------ Data block ------

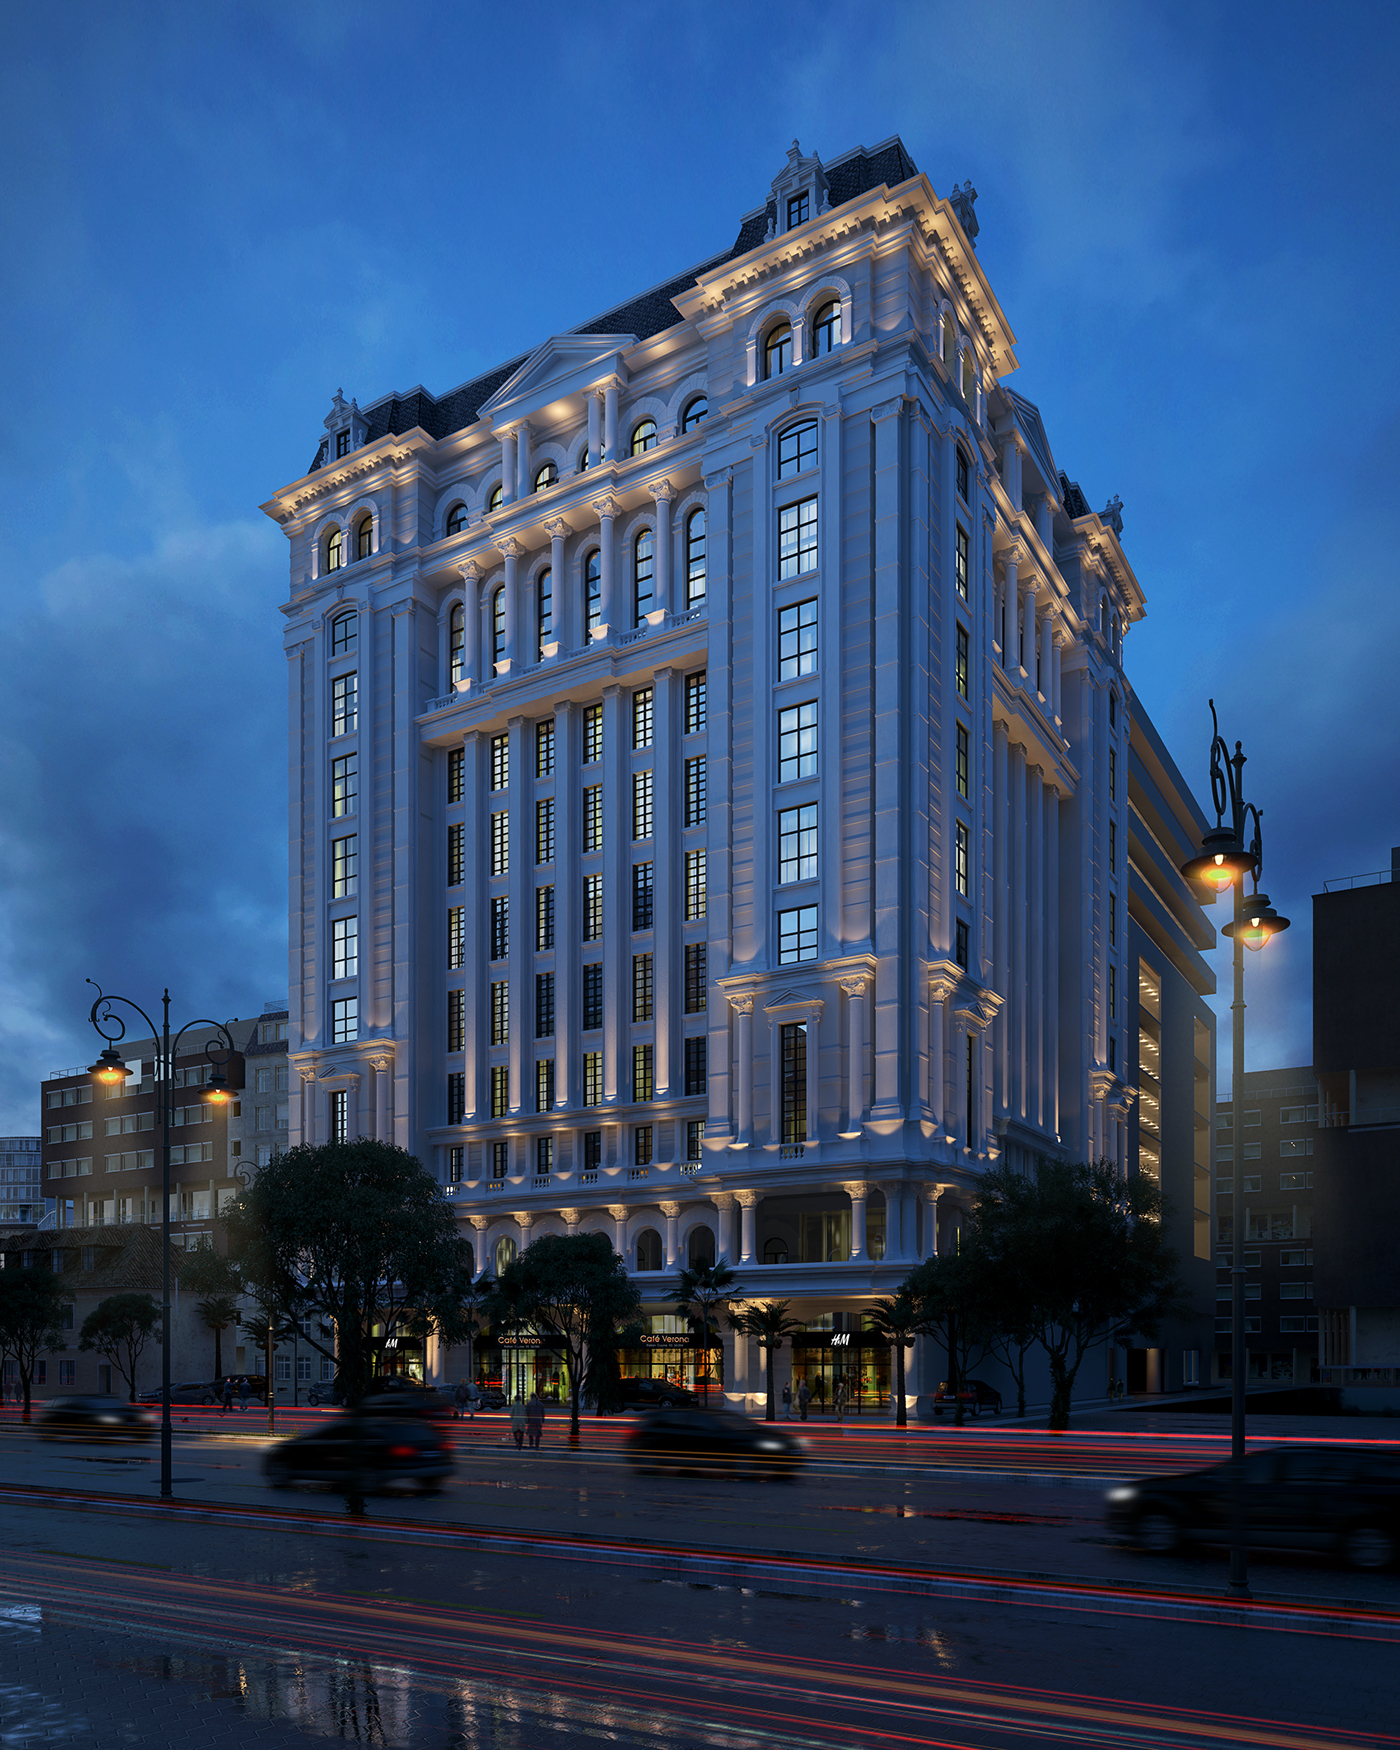 5 Stars Hotel In Jeddah On Behance
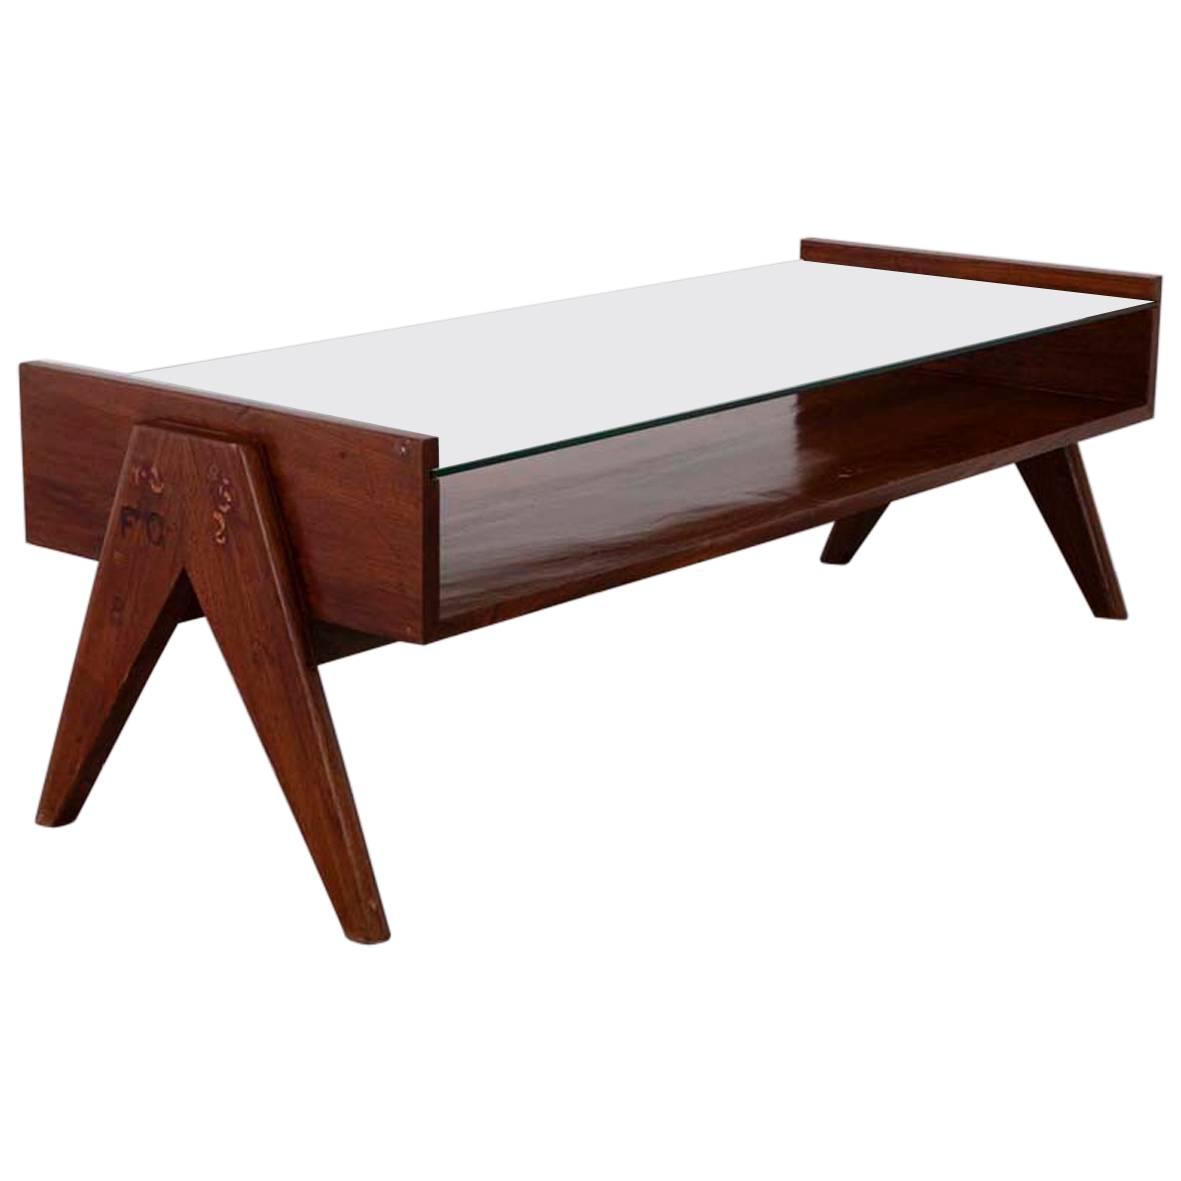 100 Gateleg Coffee Table Antique Flemish Oak Drop  : 3448702z from 45.32.79.15 size 1181 x 1181 jpeg 35kB
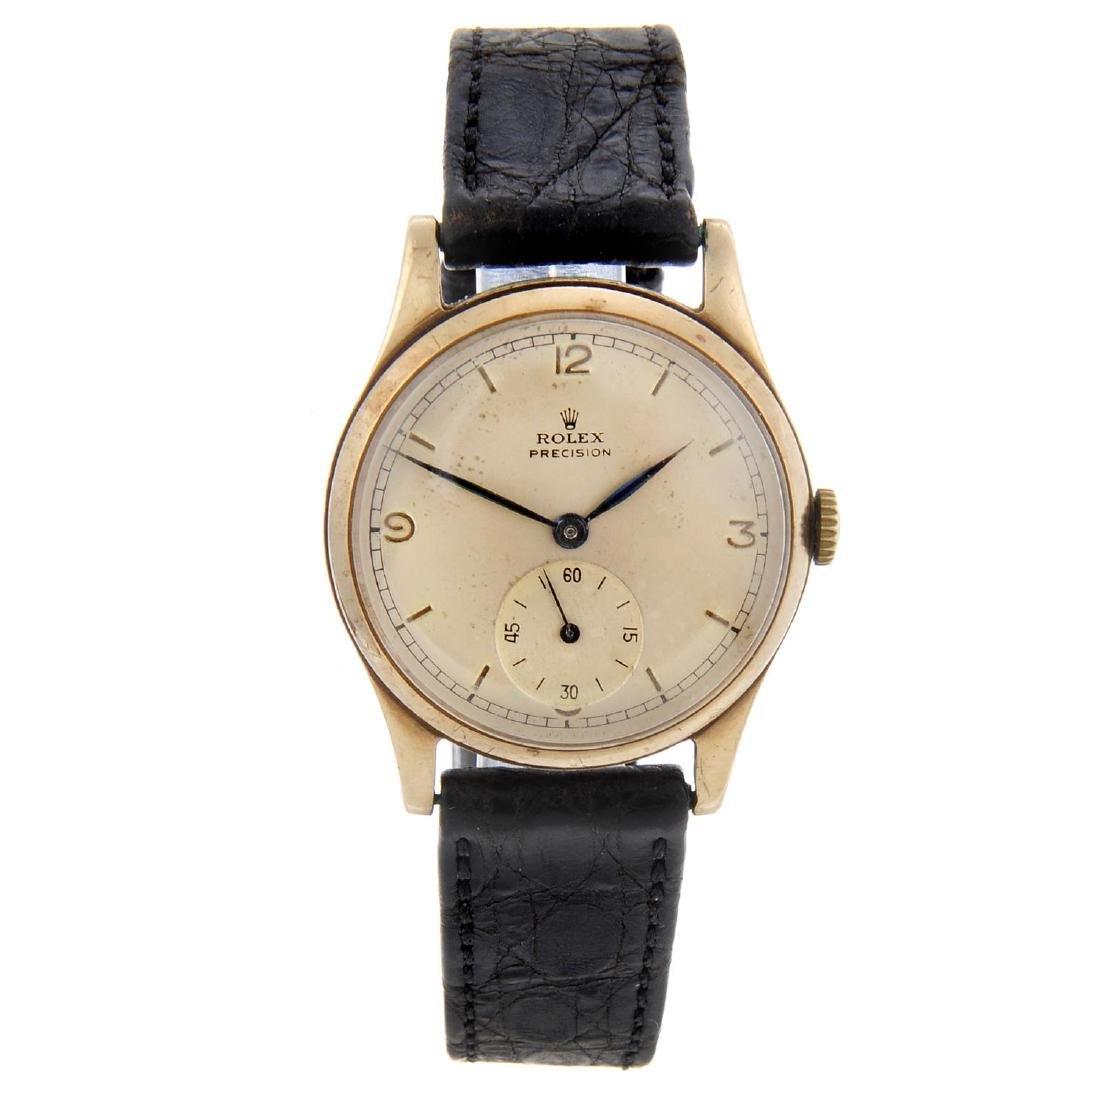 ROLEX - a gentleman's Precision wrist watch. 9ct yellow

------

• [Work request]: From the first line to the last, retype the data exactly, but omit every image.

• [Answer box]:
 5 Stars Hotel In Jeddah On Behance
 100 Gateleg Coffee Table Antique Flemish Oak Drop  : 3448702z from 45.32.79.15 size 1181 x 1181 jpeg 35kB
 ROLEX - a gentleman's Precision wrist watch. 9ct yellow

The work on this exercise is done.